LMCU Ballpark is a ballpark located in Comstock Park, Michigan, just north of Grand Rapids. Established as Old Kent Park in 1994, the stadium hosts a minor league baseball team, the West Michigan Whitecaps, and other sporting events. The ballpark's Fifth Third Burger was featured on an episode of Man v. Food. A fire damaged some of the first base side of the stadium on January 3, 2014, but the stadium re-opened in time to host the Whitecaps for the 2014 season.

==The stadium==
LMCU Ballpark is home to the West Michigan Whitecaps, a professional minor league baseball team and Midwest League affiliate of the Detroit Tigers. LMCU Ballpark was originally built in 1994 as Old Kent Park. The name was changed when Fifth Third Bank purchased Old Kent Bank in 2000, then again in 2021 when a new naming rights partnership was signed with Lake Michigan Credit Union.

LMCU Ballpark opened with a seating capacity of 5,701 has been expanded in 1996 to seat 10,700, and 1999 to seat 11,000. It currently has a seating capacity of 8,942, including 7,642 fixed chairback seats. The stadium was built entirely with private funds. No taxpayer dollars were used in the construction.

In addition to baseball, LMCU Ballpark can also be used for other events including motorsports and concerts, where it seats up to 15,000. The ballpark hosts a large display of Christmas lights.

The ballpark is also notable for its Fifth Third Burger, a 5 lb, 4,800-calorie burger made with five 1/3 lb burger patties and topped with American cheese, nacho cheese sauce, chili, shredded lettuce, diced tomato, salsa, sour cream, and tortilla chips, all stuffed inside an 8 in sesame seed bun. On the Season 2 "Baseball Special" episode of The Travel Channel's Man v. Food, host Adam Richman participated in a challenge in which he had to eat this burger in under the final 21/2 innings of the Whitecaps game (that is, after the 7th Inning Stretch). Adam won the challenge on behalf of "man", earning him a commemorative "Call 911" T-shirt and his photo posted on the Wall of Fame. As of the time of the July 2009 taping, 1,213 Fifth Third Burgers had been sold with Richman becoming just the 157th person to earn the T-shirt.

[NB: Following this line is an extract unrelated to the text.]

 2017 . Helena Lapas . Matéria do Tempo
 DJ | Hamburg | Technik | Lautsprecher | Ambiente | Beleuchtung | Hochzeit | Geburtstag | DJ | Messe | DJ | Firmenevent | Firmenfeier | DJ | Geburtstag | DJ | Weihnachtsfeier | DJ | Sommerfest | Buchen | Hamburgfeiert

On September 29, 2007, Grand Valley State University defeated Wayne State University, 41–10, in the first-ever football game to be played at LMCU Ballpark. Grand Valley wore "Throwback" uniforms for the event.

On January 3, 2014, a fire broke out in one of the skyboxes, destroying much of the first base side of the structure and several skyboxes. The fire was caused by a space heater set next to a Rubbermaid trash can. Employees at the park at the time were able to escape without injury. The stadium reopened in time for Opening Day, and remodeling finished in time for the ballpark to host the 2014 Midwest League All-Star Game.

On October 8, 2016, LMCU Ballpark hosted an international friendly soccer game between Grand Rapids FC and Aurora United FC of Ontario.

== In popular culture ==
B-Roll footage of a game between the West Michigan Whitecaps and South Bend Silver Hawks at then Fifth Third Ballpark is featured in Champ's Whammy! home runs scene in
Anchorman 2: The Legend Continues. Officials with the West Michigan Whitecaps were unaware they would be featured in the movie and only found out after it was released in December 2013.